The series moves to the Aero on July 14 for two Marlene Dietrich melodramas, 1935's "The Devil Is a Woman," in which he plays a rare sympathetic role, and 1933's "The Song of Songs," which casts Atwill as a lecherous baron obsessed with Dietrich.

The July 18 double bill at the Egyptian features two delicious Warner Bros. horror films directed by Michael Curtiz starring Atwill in all of his evil glory -- 1933's "Mystery of the Wax Museum" and 1932's "Dr. X."

In the 1935 Errol Flynn classic swashbuckler "Captain Blood," screening July 25 at the Egyptian, Atwill moves out of the horror genre to play the odious military commander of a British colony. Rounding out the evening is 1933's mystery thriller "Secret of the Blue Room," which stars Gloria Stuart.
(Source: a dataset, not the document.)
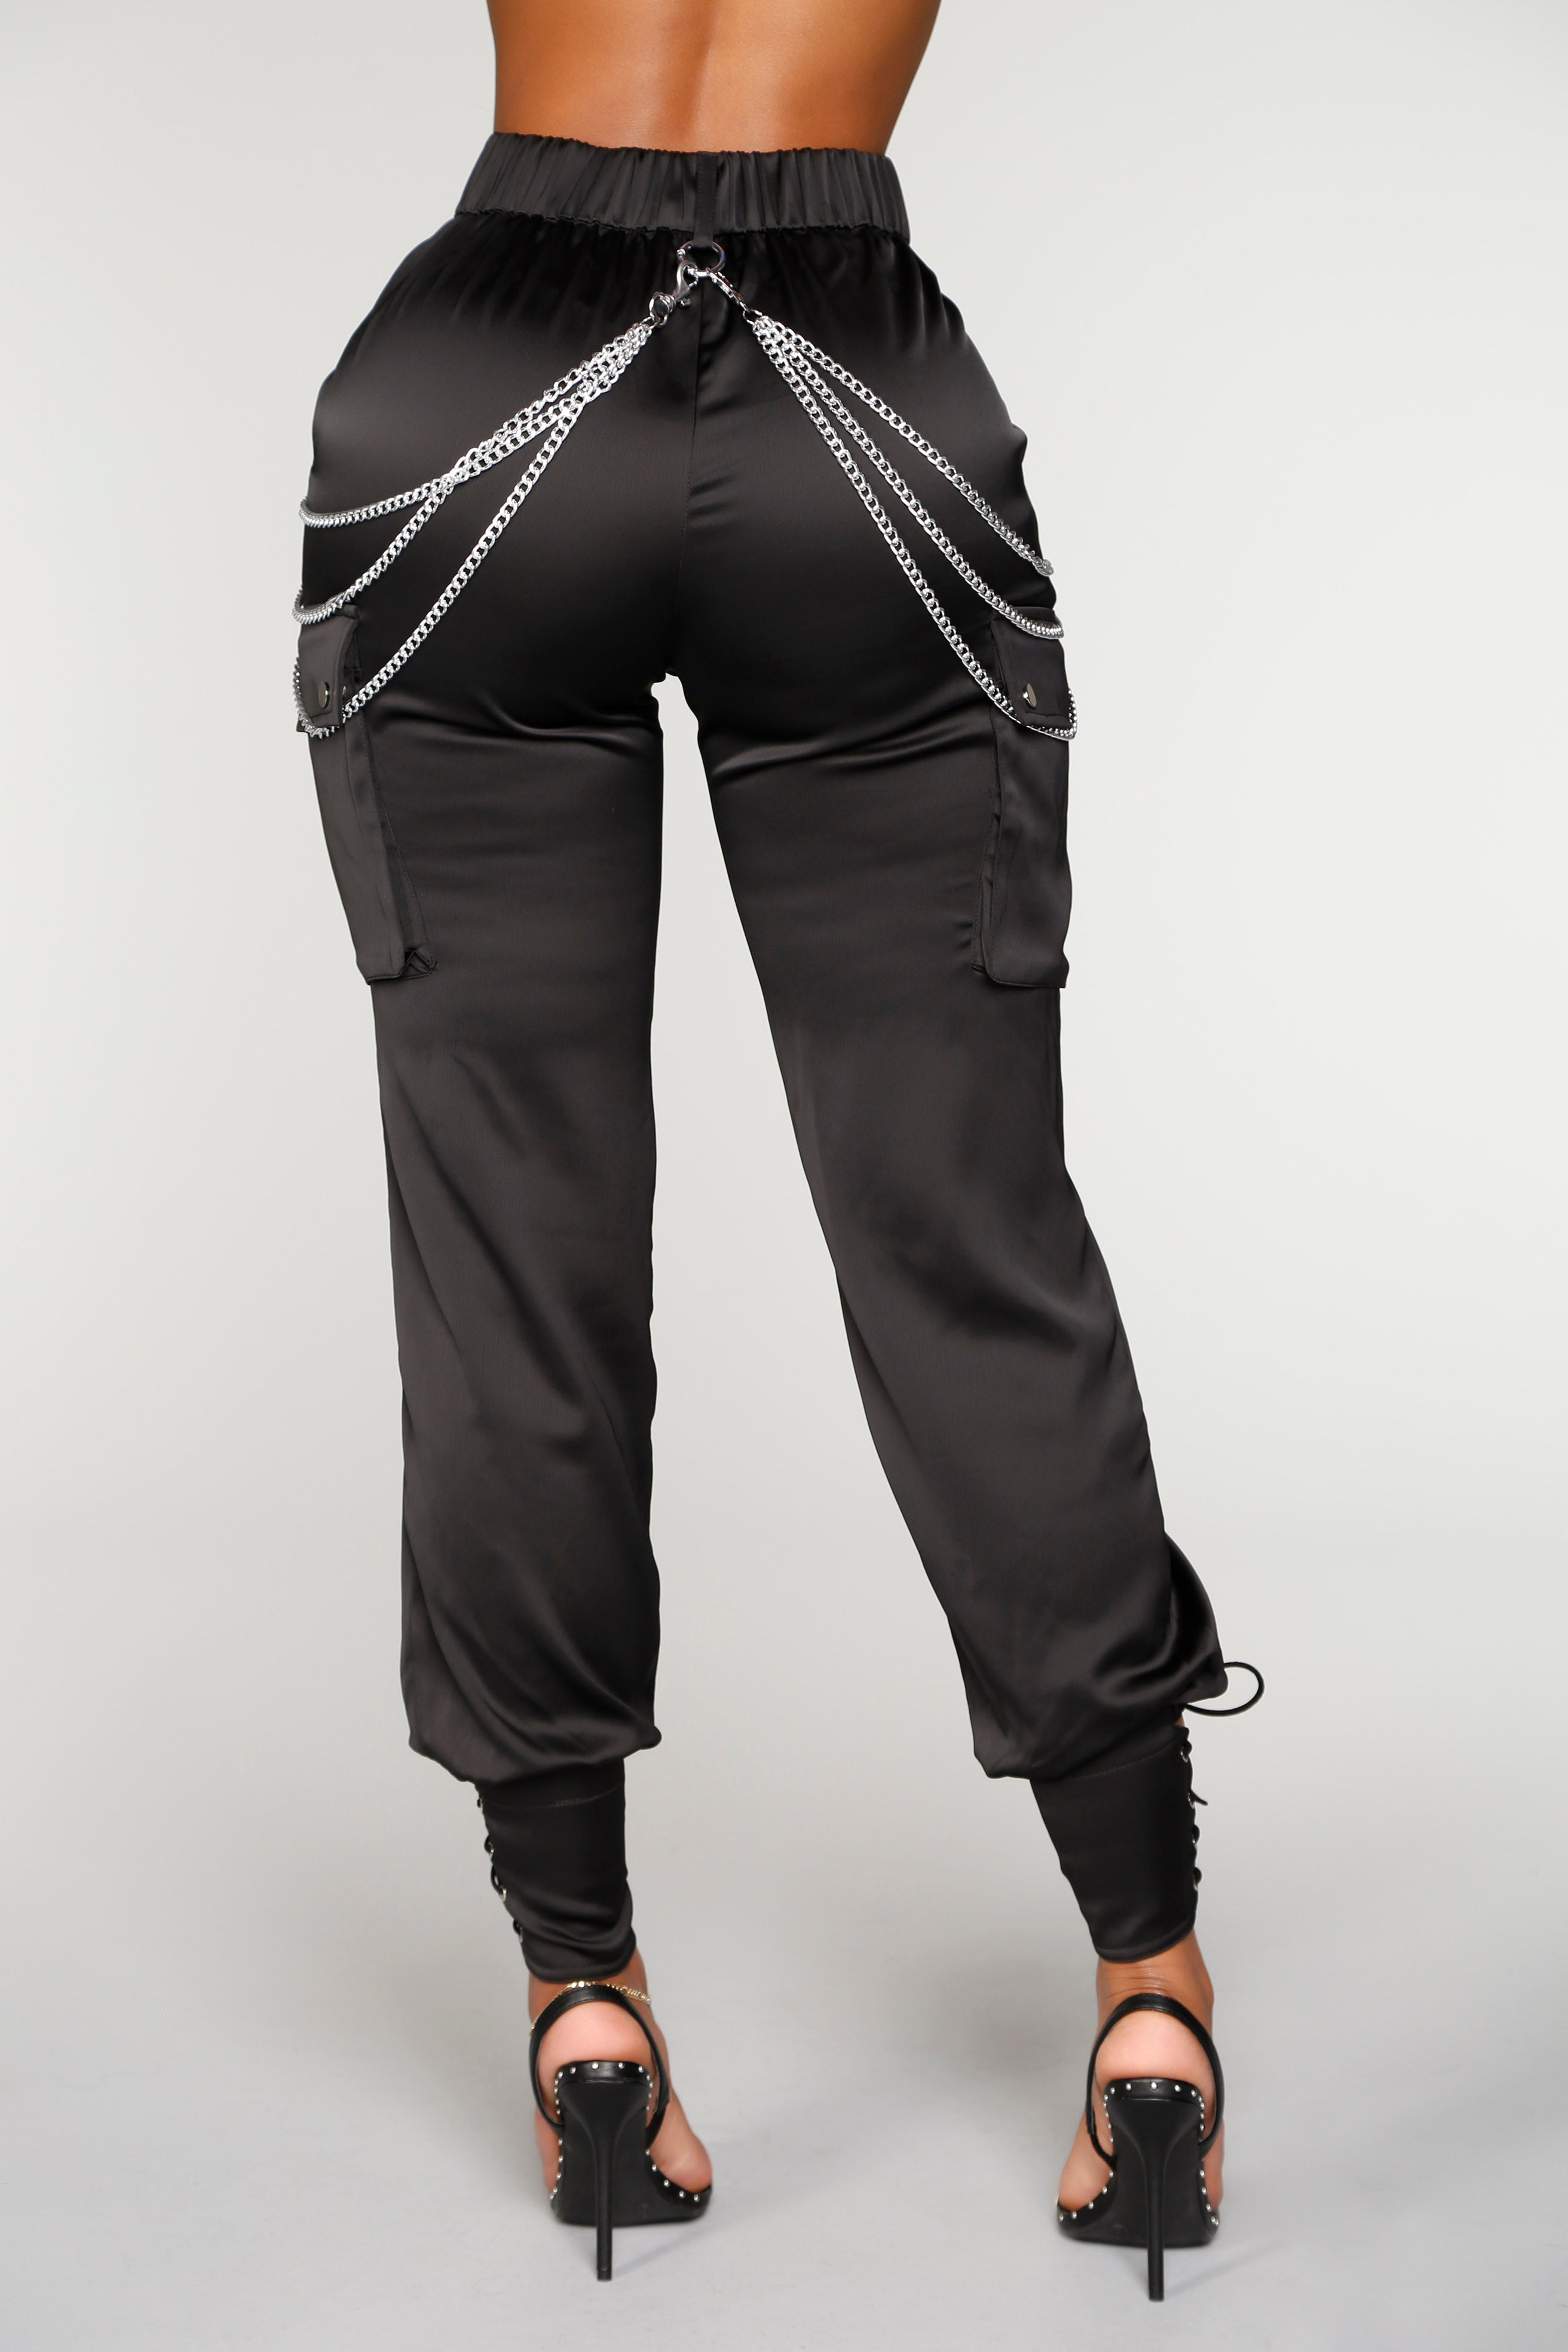 Chain Chain Chain Cargo Pants - Black – Fashion Nova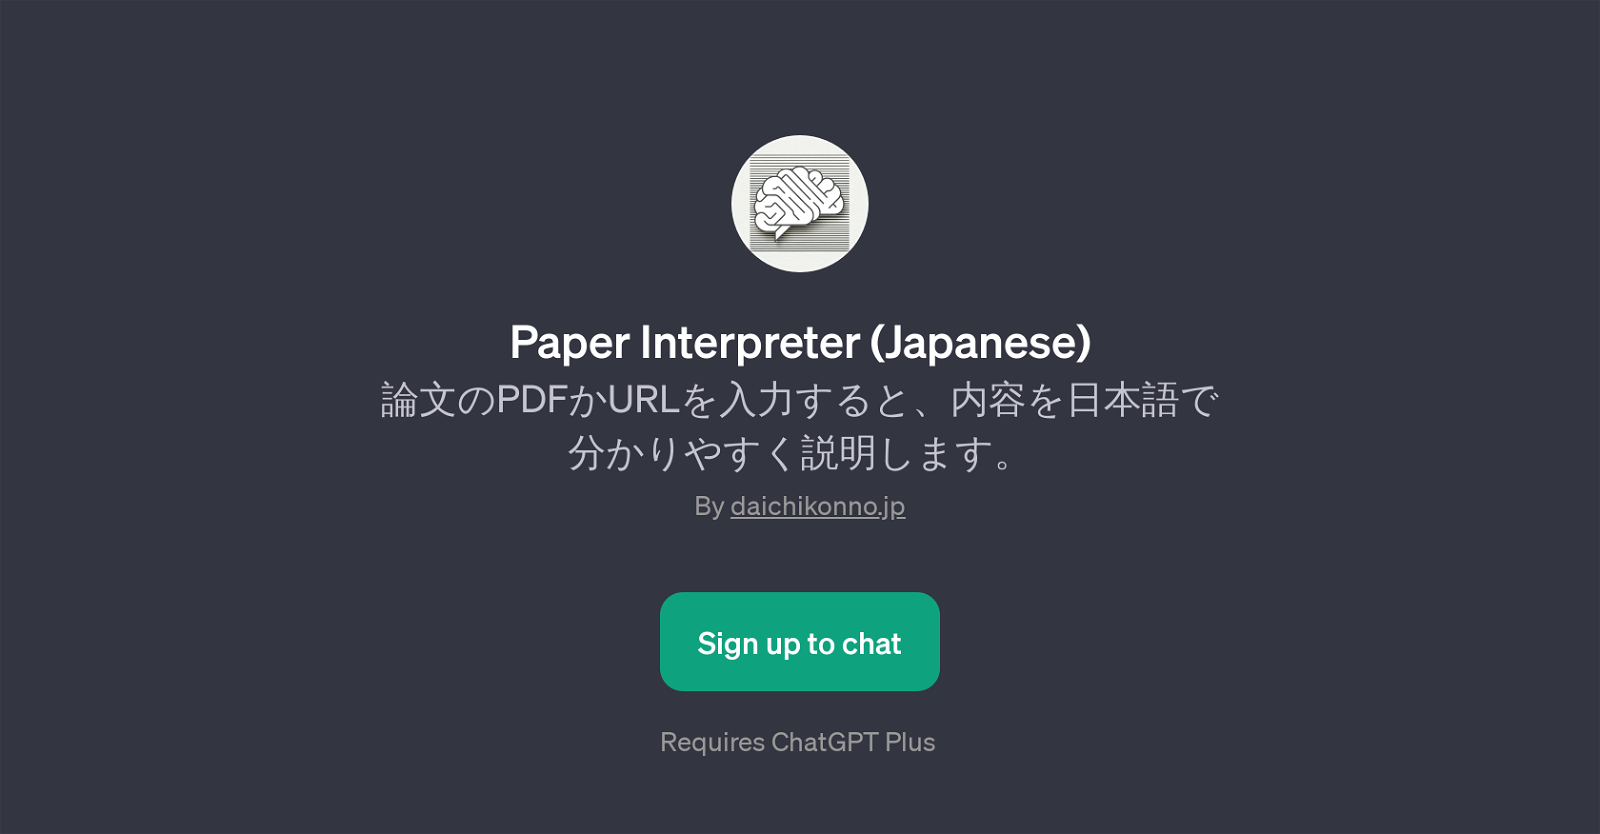 Paper Interpreter (Japanese) website

Though he still occasionally made an appearance in a Universal horror film, Atwill was relegated to making low-budget B movies after he was sentenced in 1942 to five years probation on a perjury conviction. He admitted lying to a grand jury during an investigation of a decadent Christmas party at his house (the press described it as an "orgy").

Atwill, who later said he "lied like a gentleman" to protect the identity of his guests, was granted termination of his sentence seven months later and his record was expunged. But his career never recovered from the sex scandal.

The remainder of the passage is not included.